(Collected data)
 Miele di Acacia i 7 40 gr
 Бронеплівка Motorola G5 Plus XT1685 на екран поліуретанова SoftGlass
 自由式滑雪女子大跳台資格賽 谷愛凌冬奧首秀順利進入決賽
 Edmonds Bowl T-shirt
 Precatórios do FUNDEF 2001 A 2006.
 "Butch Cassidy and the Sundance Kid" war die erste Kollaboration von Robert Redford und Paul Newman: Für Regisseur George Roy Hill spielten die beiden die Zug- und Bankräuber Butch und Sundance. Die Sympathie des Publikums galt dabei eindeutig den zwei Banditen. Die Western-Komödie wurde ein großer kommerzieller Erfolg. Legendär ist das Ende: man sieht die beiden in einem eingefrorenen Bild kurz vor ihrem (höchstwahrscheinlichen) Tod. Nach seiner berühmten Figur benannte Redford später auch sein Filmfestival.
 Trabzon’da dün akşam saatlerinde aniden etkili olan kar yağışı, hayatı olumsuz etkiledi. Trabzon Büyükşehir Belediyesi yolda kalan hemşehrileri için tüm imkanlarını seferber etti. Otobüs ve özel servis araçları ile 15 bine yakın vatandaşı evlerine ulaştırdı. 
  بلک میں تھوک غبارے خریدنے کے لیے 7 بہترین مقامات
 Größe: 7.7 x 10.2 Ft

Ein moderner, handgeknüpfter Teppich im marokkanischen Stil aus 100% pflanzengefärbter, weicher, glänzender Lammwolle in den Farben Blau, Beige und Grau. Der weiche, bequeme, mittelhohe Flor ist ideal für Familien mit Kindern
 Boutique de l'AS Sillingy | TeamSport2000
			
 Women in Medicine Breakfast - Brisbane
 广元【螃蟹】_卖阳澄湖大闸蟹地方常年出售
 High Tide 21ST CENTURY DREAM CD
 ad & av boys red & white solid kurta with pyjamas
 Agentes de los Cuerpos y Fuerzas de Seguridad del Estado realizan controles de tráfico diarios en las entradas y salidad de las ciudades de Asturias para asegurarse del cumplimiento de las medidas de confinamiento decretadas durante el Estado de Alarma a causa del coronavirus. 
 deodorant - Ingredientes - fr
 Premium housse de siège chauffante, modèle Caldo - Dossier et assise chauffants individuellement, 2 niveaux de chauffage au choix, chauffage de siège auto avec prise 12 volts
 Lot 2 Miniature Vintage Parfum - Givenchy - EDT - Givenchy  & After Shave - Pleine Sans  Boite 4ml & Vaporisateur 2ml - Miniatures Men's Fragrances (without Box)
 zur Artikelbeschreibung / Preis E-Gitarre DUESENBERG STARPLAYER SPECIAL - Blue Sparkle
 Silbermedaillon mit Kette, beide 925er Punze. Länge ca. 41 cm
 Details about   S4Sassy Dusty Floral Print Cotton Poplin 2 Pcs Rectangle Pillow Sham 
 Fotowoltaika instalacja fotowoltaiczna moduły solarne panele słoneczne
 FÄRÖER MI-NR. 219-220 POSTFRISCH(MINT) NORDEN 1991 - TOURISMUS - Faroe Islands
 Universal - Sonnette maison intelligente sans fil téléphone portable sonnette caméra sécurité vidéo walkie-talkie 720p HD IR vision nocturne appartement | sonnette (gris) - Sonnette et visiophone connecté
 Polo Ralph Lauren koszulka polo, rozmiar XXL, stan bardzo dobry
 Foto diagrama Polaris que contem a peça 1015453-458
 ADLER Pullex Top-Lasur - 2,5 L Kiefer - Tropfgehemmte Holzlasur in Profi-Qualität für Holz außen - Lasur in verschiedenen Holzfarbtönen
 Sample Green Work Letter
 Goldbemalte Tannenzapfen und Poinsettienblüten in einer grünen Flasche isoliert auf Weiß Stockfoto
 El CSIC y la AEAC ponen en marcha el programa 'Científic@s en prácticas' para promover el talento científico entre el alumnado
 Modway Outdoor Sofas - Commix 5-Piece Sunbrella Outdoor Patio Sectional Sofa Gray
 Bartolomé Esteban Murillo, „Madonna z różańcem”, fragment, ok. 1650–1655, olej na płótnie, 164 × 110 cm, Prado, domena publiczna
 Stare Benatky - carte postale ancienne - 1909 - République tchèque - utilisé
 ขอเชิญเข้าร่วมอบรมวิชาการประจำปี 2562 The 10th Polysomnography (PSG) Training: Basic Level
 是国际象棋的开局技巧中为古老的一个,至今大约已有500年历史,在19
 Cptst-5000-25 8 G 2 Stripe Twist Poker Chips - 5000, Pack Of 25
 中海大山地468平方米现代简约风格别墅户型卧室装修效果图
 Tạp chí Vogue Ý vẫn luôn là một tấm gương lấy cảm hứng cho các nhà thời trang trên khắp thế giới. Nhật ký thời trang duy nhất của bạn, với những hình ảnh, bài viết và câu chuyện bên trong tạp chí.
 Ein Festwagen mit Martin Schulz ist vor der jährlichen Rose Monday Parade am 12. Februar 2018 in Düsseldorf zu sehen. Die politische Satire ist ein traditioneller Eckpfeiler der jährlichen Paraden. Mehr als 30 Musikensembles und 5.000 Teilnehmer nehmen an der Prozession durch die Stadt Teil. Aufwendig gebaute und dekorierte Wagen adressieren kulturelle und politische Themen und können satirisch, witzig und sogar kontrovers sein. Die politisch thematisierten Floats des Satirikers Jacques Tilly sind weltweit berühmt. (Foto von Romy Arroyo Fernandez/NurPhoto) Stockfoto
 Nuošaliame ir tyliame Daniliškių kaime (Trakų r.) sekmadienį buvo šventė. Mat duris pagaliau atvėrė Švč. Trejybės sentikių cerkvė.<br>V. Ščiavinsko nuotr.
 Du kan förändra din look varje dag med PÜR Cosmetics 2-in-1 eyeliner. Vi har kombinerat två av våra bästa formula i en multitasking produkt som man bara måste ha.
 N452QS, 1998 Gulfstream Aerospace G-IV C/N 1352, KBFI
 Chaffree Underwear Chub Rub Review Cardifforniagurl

■ TASK REQUIREMENTS: Once the line with "Boutique de l'AS Sillingy | TeamSport2000" is found in the records above, print exactly that line and every line after it through the line with "Lot 2 Miniature".

■ FINAL ANSWER:
 Boutique de l'AS Sillingy | TeamSport2000
			
 Women in Medicine Breakfast - Brisbane
 广元【螃蟹】_卖阳澄湖大闸蟹地方常年出售
 High Tide 21ST CENTURY DREAM CD
 ad & av boys red & white solid kurta with pyjamas
 Agentes de los Cuerpos y Fuerzas de Seguridad del Estado realizan controles de tráfico diarios en las entradas y salidad de las ciudades de Asturias para asegurarse del cumplimiento de las medidas de confinamiento decretadas durante el Estado de Alarma a causa del coronavirus. 
 deodorant - Ingredientes - fr
 Premium housse de siège chauffante, modèle Caldo - Dossier et assise chauffants individuellement, 2 niveaux de chauffage au choix, chauffage de siège auto avec prise 12 volts
 Lot 2 Miniature Vintage Parfum - Givenchy - EDT - Givenchy  & After Shave - Pleine Sans  Boite 4ml & Vaporisateur 2ml - Miniatures Men's Fragrances (without Box)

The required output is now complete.